One sentence attempts to clarify a perspective that from the outside may be overlooked: “We don’t feel like we share a love. It’s more like we all put our love in a big container and it becomes so much more love.

They believe they spend around 90% of their time together.

They believe they spend around 90% of their time together.

“It’s really important that we are not two parallel relationships but a family, a real team,” they agree.

Anyway, while it seems contradictory to his previous thinking, he clarifies the moment of intimacy: When it comes to sex they say they never have a threesome. Saskia illustrated: “Marcin and I have one sex life and He and I have another. There is no three way sex life.”

“People often reduce our relationship to sex. The funny thing is none of us are very needy or prioritize sex. Hugs, kindness and kisses are valued much more by us than sex. ”

He added that they’ve never encountered “a situation where you have to listen to other people through the door or something” and are happy to go with the flow when it comes to sex and intimacy.

On TikTok, they told in a simple way how the story of polyamory was told.  Video capture

On TikTok, they told in a simple way how the story of polyamory was told. Video capture

Is there room for the children?

The three lovers want to start a family together and hope that people will one day be more tolerant of their relationship.

“We dream of growing old together, raising children and grandchildren and one day we will sit on our porch and contemplate a wonderful family life, “said Saskia, without first specifying that she hopes” that the world will be a little more tolerant of them “.
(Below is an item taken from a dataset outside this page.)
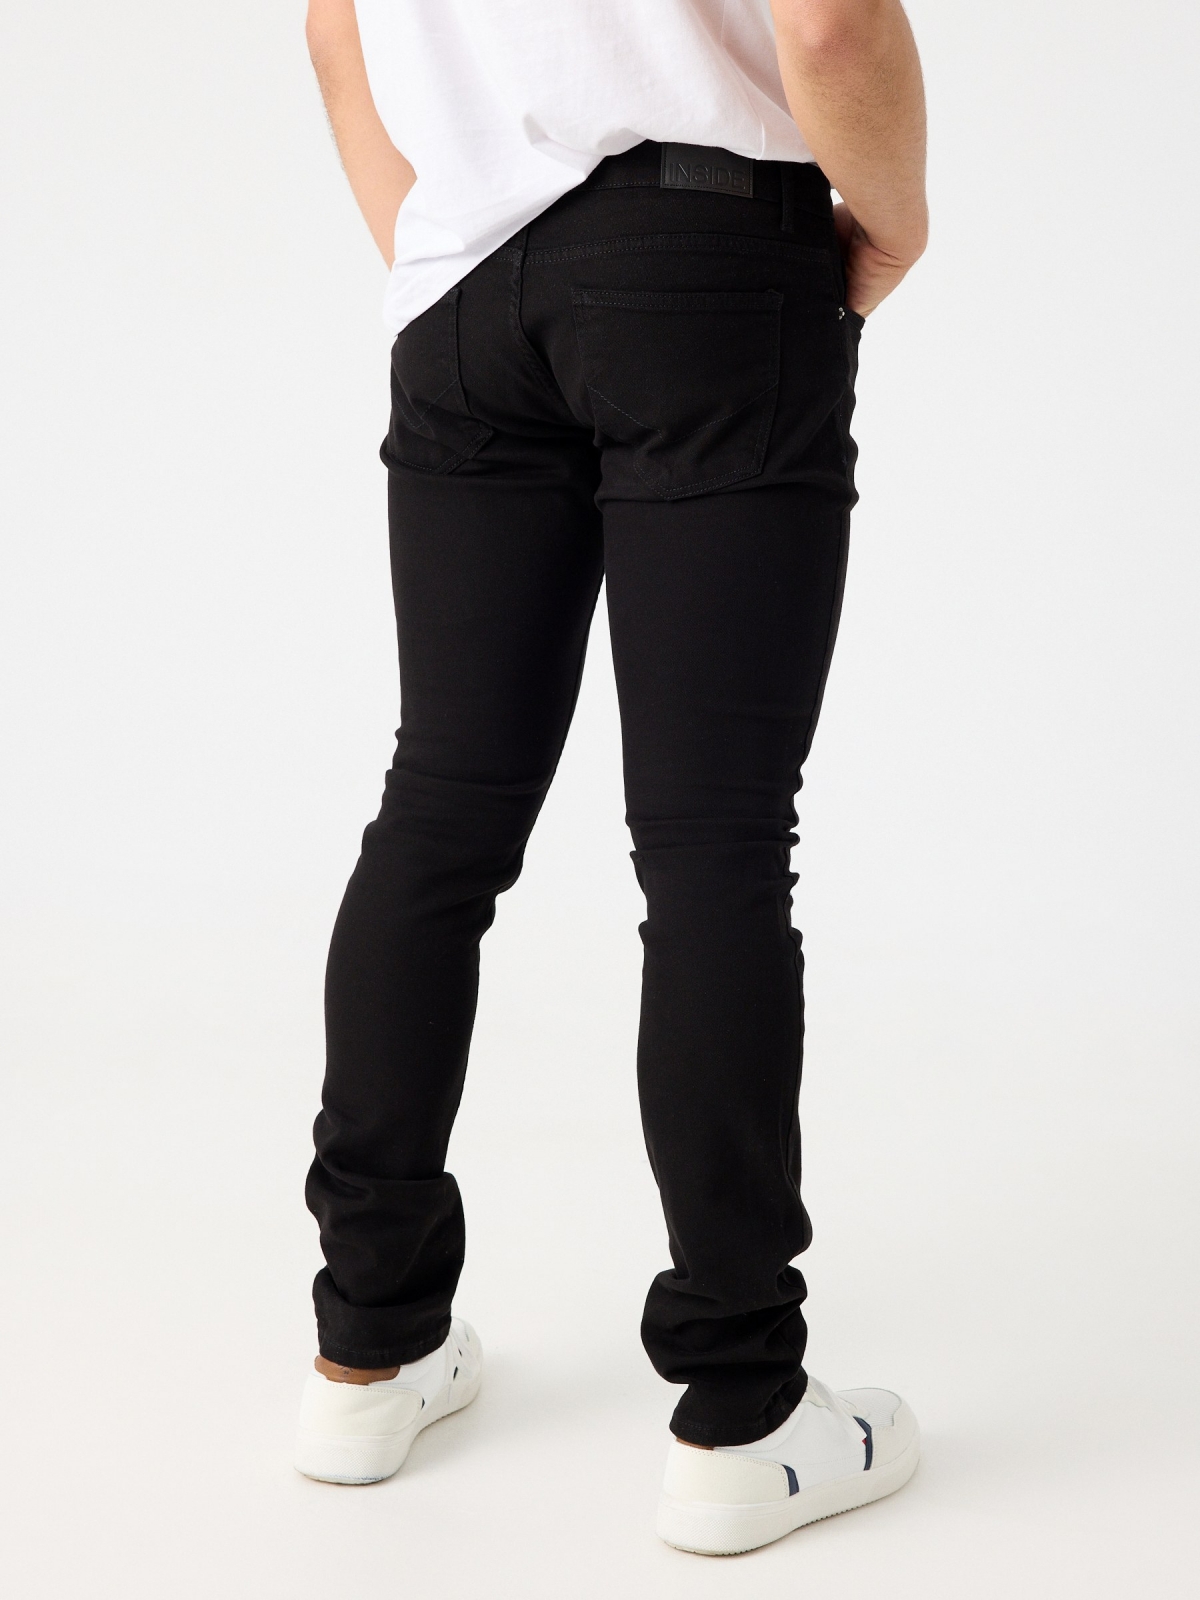 Jeans básico cinco bolsillos negro vista media trasera
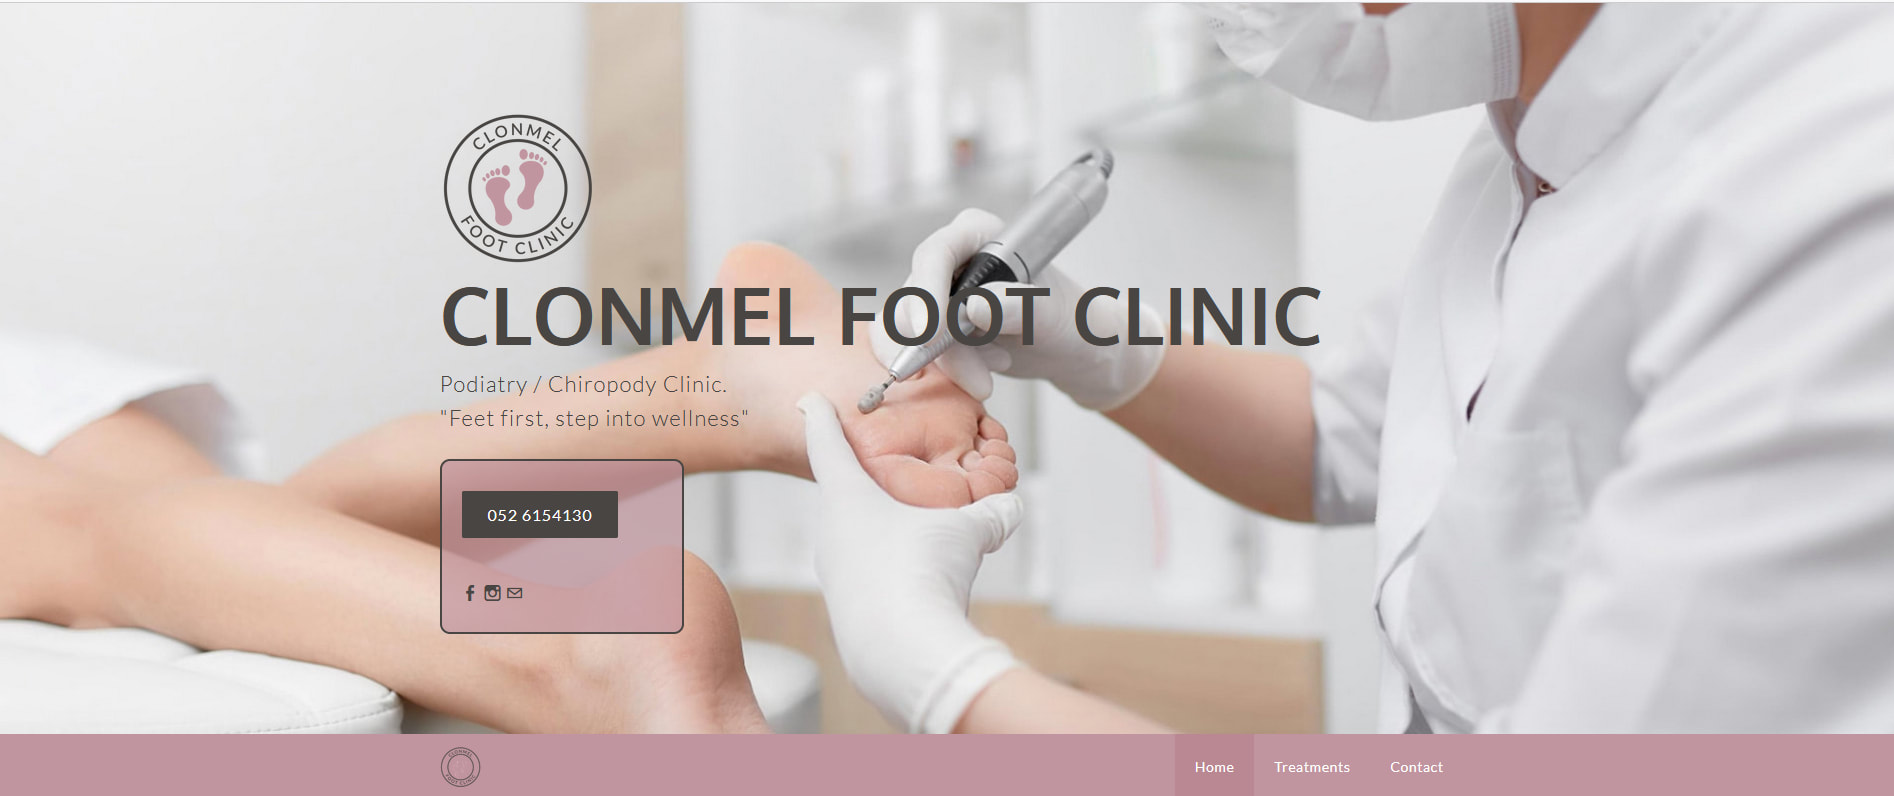 clonmel website design

The “couple of three” often shares their stories on social media, where hundreds of thousands of eager followers find out what is going on far from monogamy.

The goal, they say, has to do with open a window to ventilate your personal life. “Let people see that we are not crazy and that we are not sex thirsty hedonists”Saskia said bluntly.

They make it clear that they are not avid sex hedonists.

They make it clear that they are not avid sex hedonists.

The relationship, they swear, works without hurting anyone. One sentence sums it up: “We are normal people who have fallen in love twice.”